Let me quickly explain what I mean with my question.

Let $(\kappa_i)_{i\in I}$ be a collection of cardinal numbers, indexed by elements of some set $I$. We can try to define $\sum\limits_{i\in I}\kappa_i$ as follows: take collection $(A_i)_{i\in I}$ of sets such that $|A_i|=\kappa_i$, and let $A=\{(a,i):i\in I,a\in A_i\}$. Then we say $\sum\limits_{i\in I}\kappa_i=|A|$. We can do similar trick with multiplication, by setting $B=\{f:f\text{ is a function from }I\text{ such that }f(i)\in A_i\}$.

If we assume AC, then these notions are well-defined: First of all, we *can* choose such a sequence $(A_i)_{i\in I}$, and if we take two collections $(A_i)_{i\in I}$, $(A_i')_{i\in I}$ such that $|A_i|=|A_i'|=\kappa_i$, then we can use choice to get bijections between $A_i$ and $A_i'$ for every $i\in I$ and then use there to create bijection between $A=\{(a,i):i\in I,a\in A_i\}$ and $A'=\{(a',i):i\in I,a'\in A_i'\}$, so this procedure defines only one cardinal. Similar trick for multiplication.

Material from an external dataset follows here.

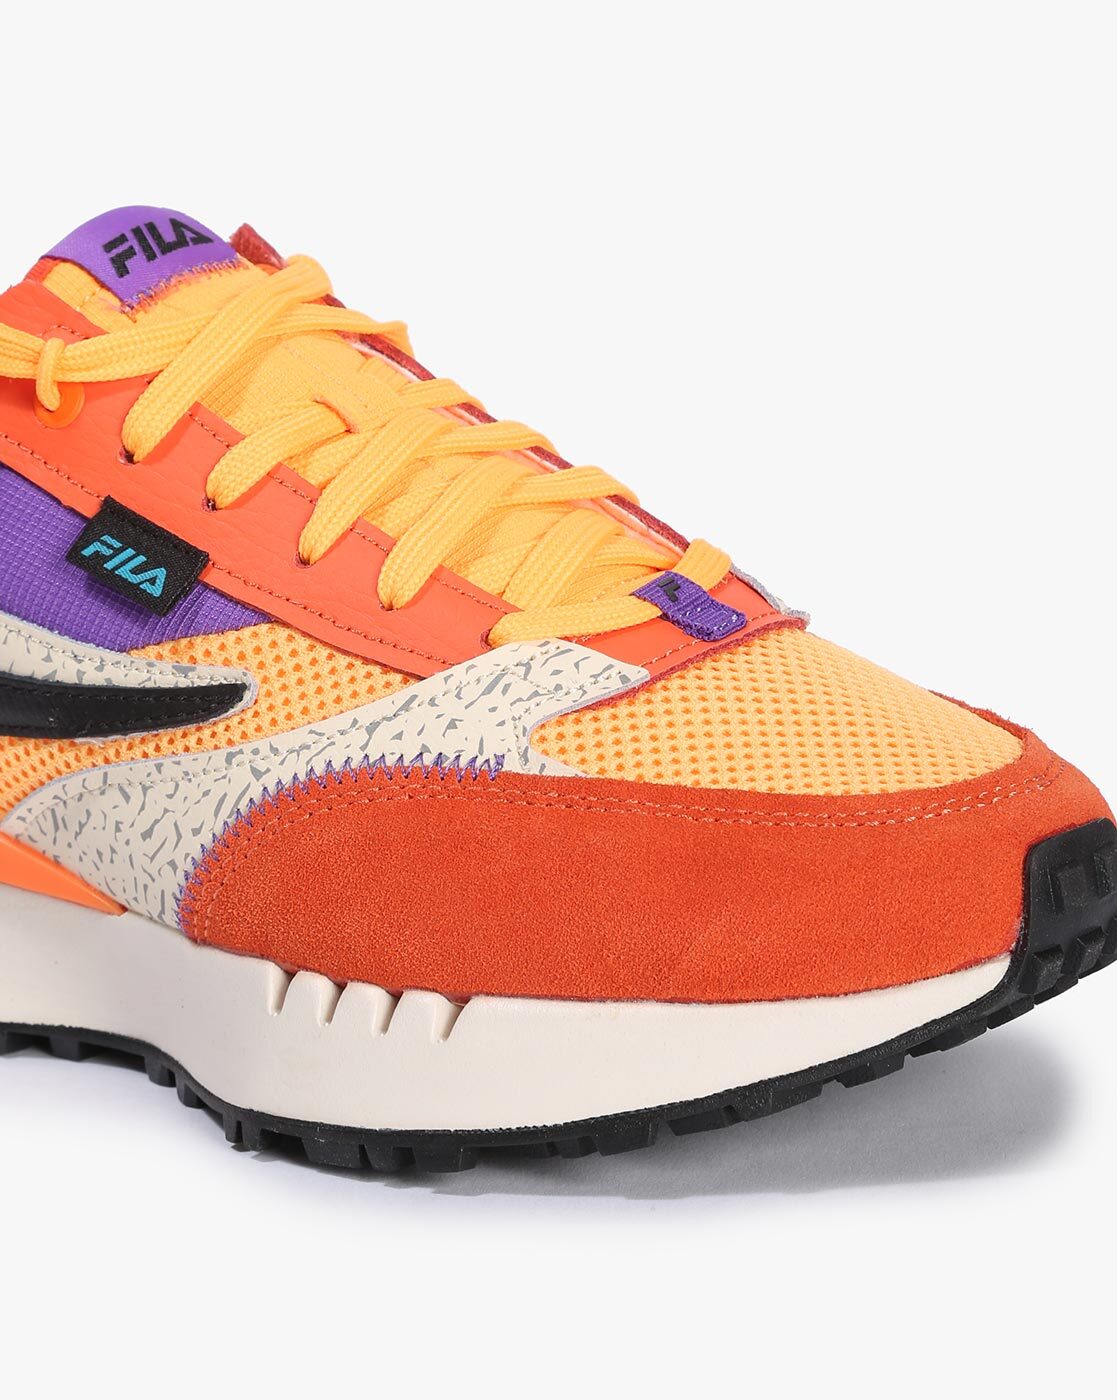 Fila Disruptor 2 Orange/Burgandy | Tenis shoes, Sneakers nike, Nike air

However, if we do *not* assume choice, then 1. we don't know a priori that we can always choose any sequence $(A_i)_{i\in I}$, and even if we can, we have no guarantee that there is only one possible size of $A$ we can get in this way. I don't know of scenario where we cannot find any sequence of sets with given cardinalities, but I know that uniqueness of size can fail quite spectacularly, even if we add $2$ countably many times (see here).

I have three questions:

- Is it possible in abscence of choice that there is a collection of cardinals $(\kappa_i)_{i\in I}$, but there is no collection of sets $(A_i)_{i\in I}$ having respective cardinalities? (I suspect the answer is "yes")
- If the answer to 1. is yes, then is it known that existence of such a collection implies axiom of choice? (I suspect answer to this to be "doesn't imply" or "not known")
- Does existence of collections like above and "value of the sum and product of cardinals doesn't depend on choice of collection" imply axiom of choice? (no clue, but I'm hoping for "yes")

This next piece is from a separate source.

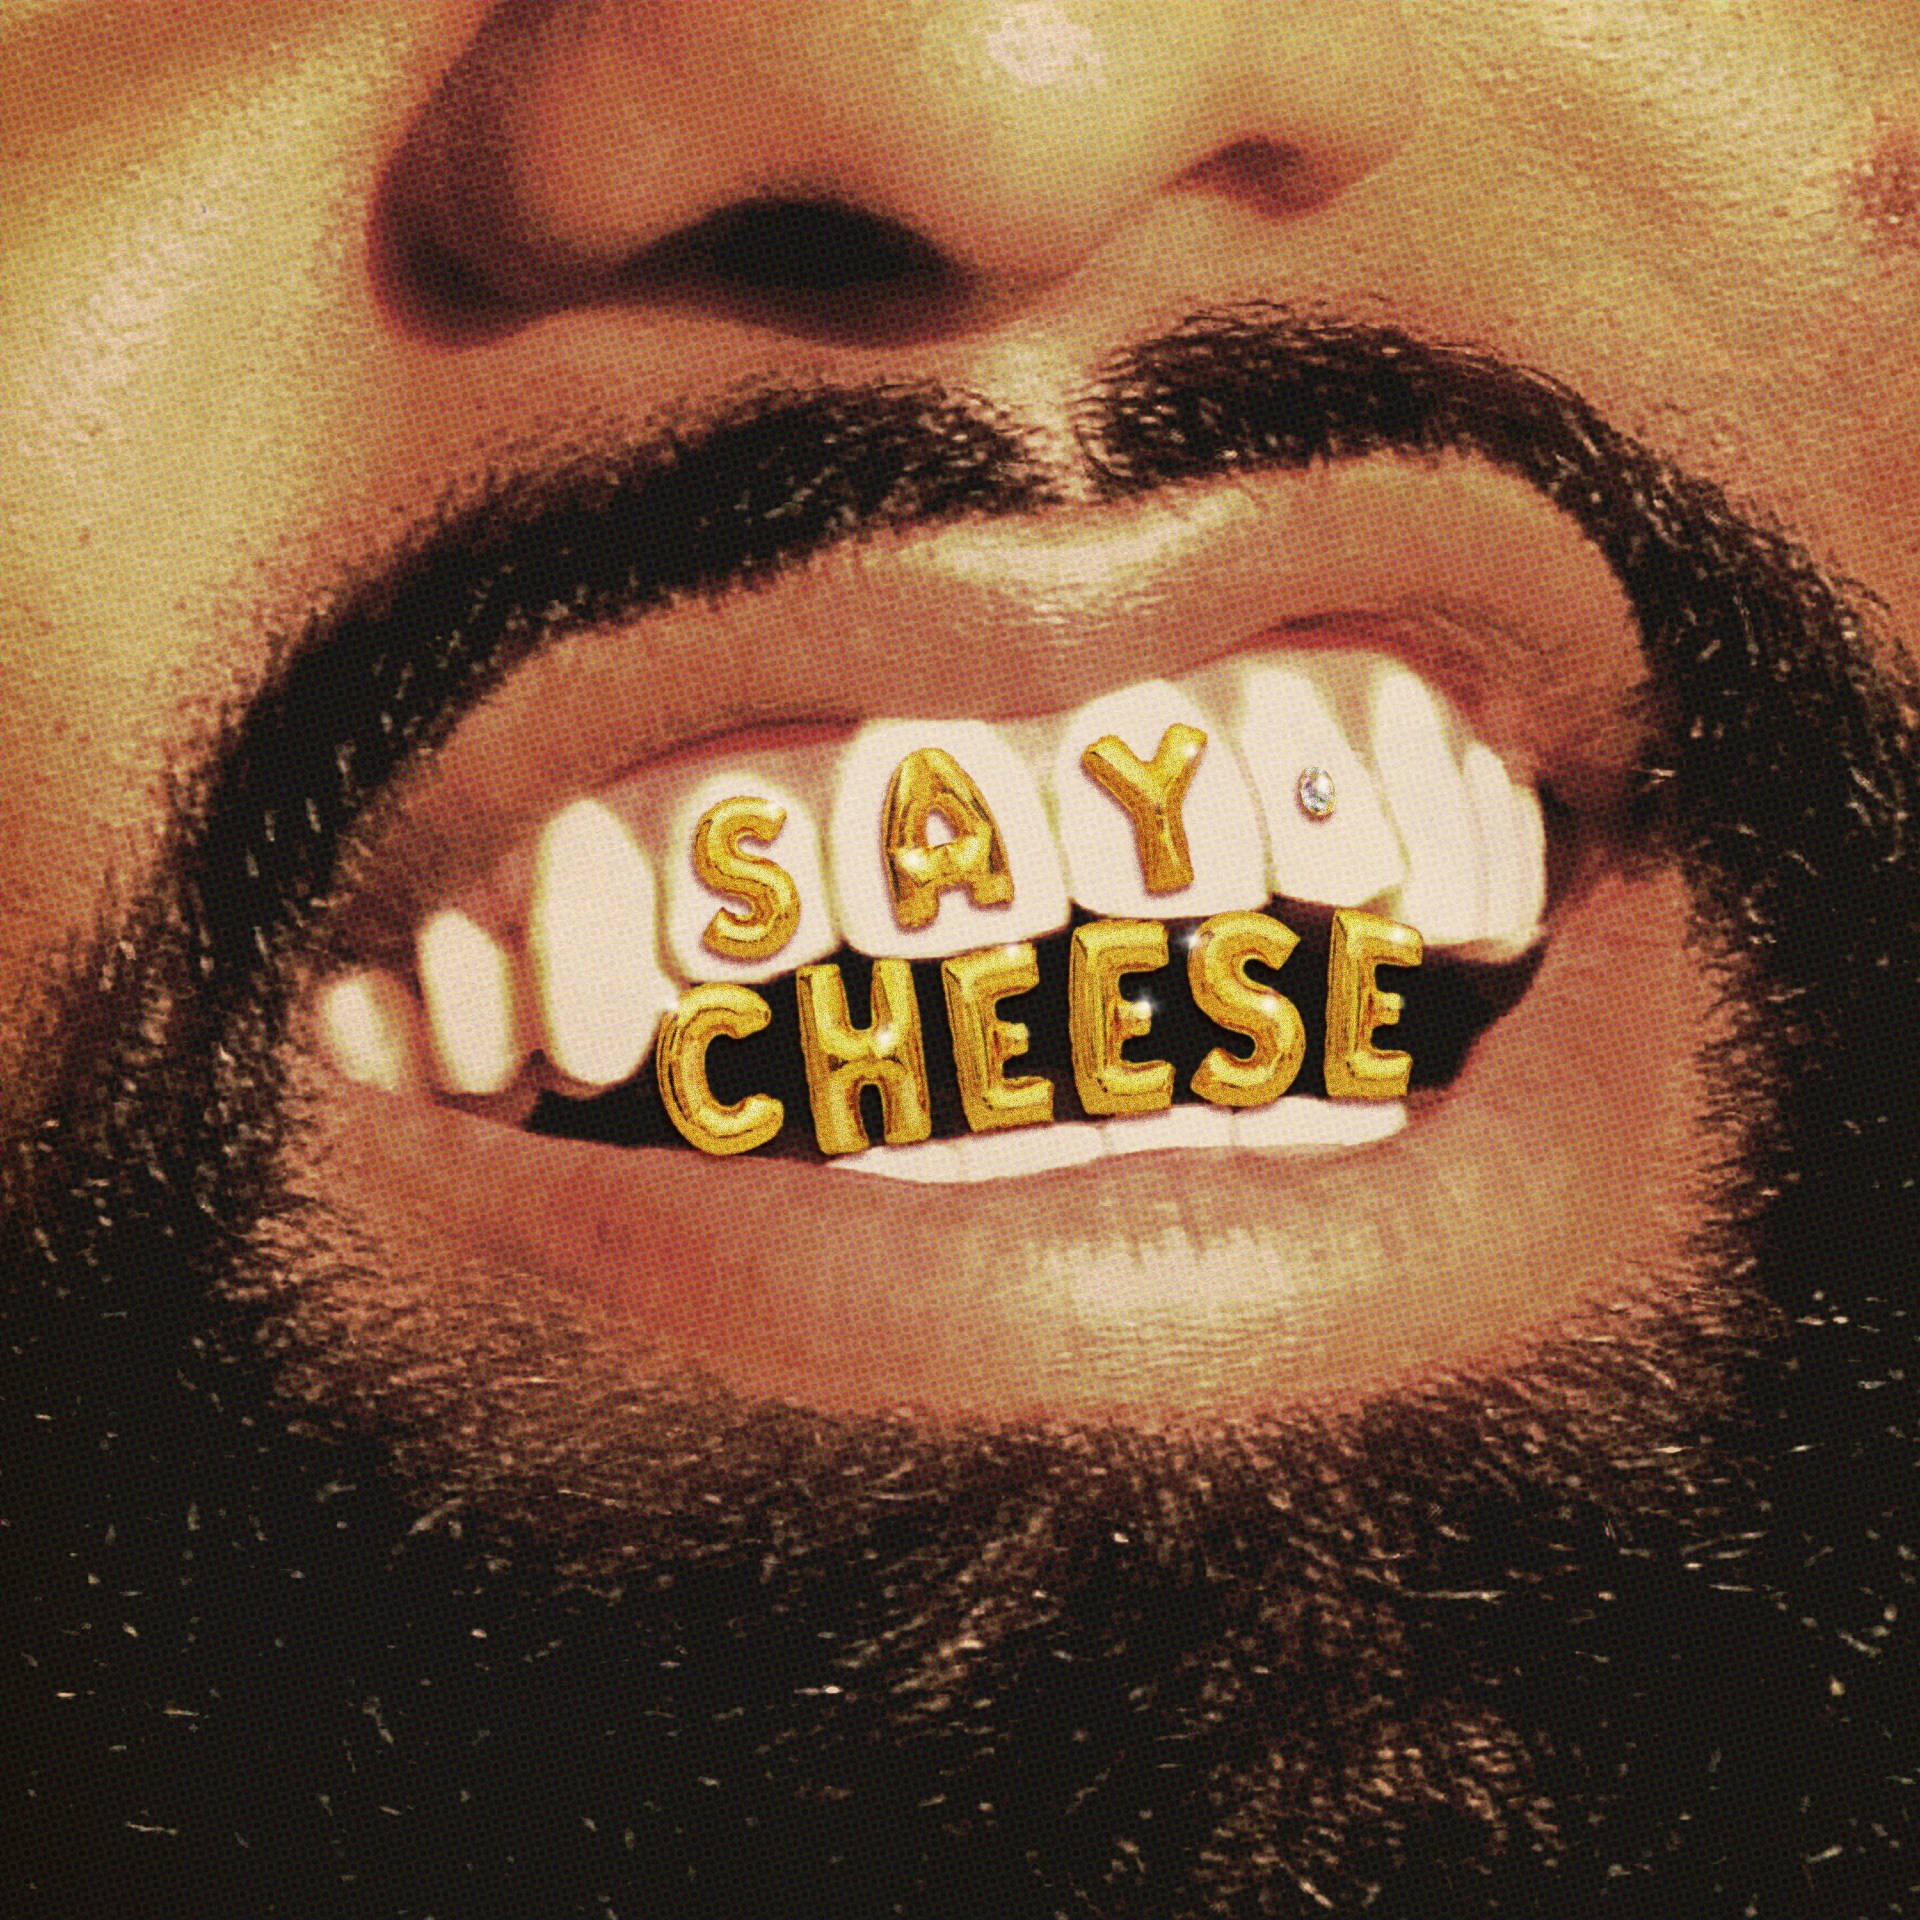 Paul Russell “Say Cheese” single artwork

These are main questions I'm interested in, but we can ask more by asking which combinations of below three imply choice:

For any collection of cardinals, there is collection of sets of respective cardinalities. Sum of cardinals, if defined, is well-defined. (i.e. sum doesn't depend on choice of collection, but we allow possibility that the collection doesn't exist) Product of cardinals, if defined, is well-defined.

Thanks in advance for all feedback.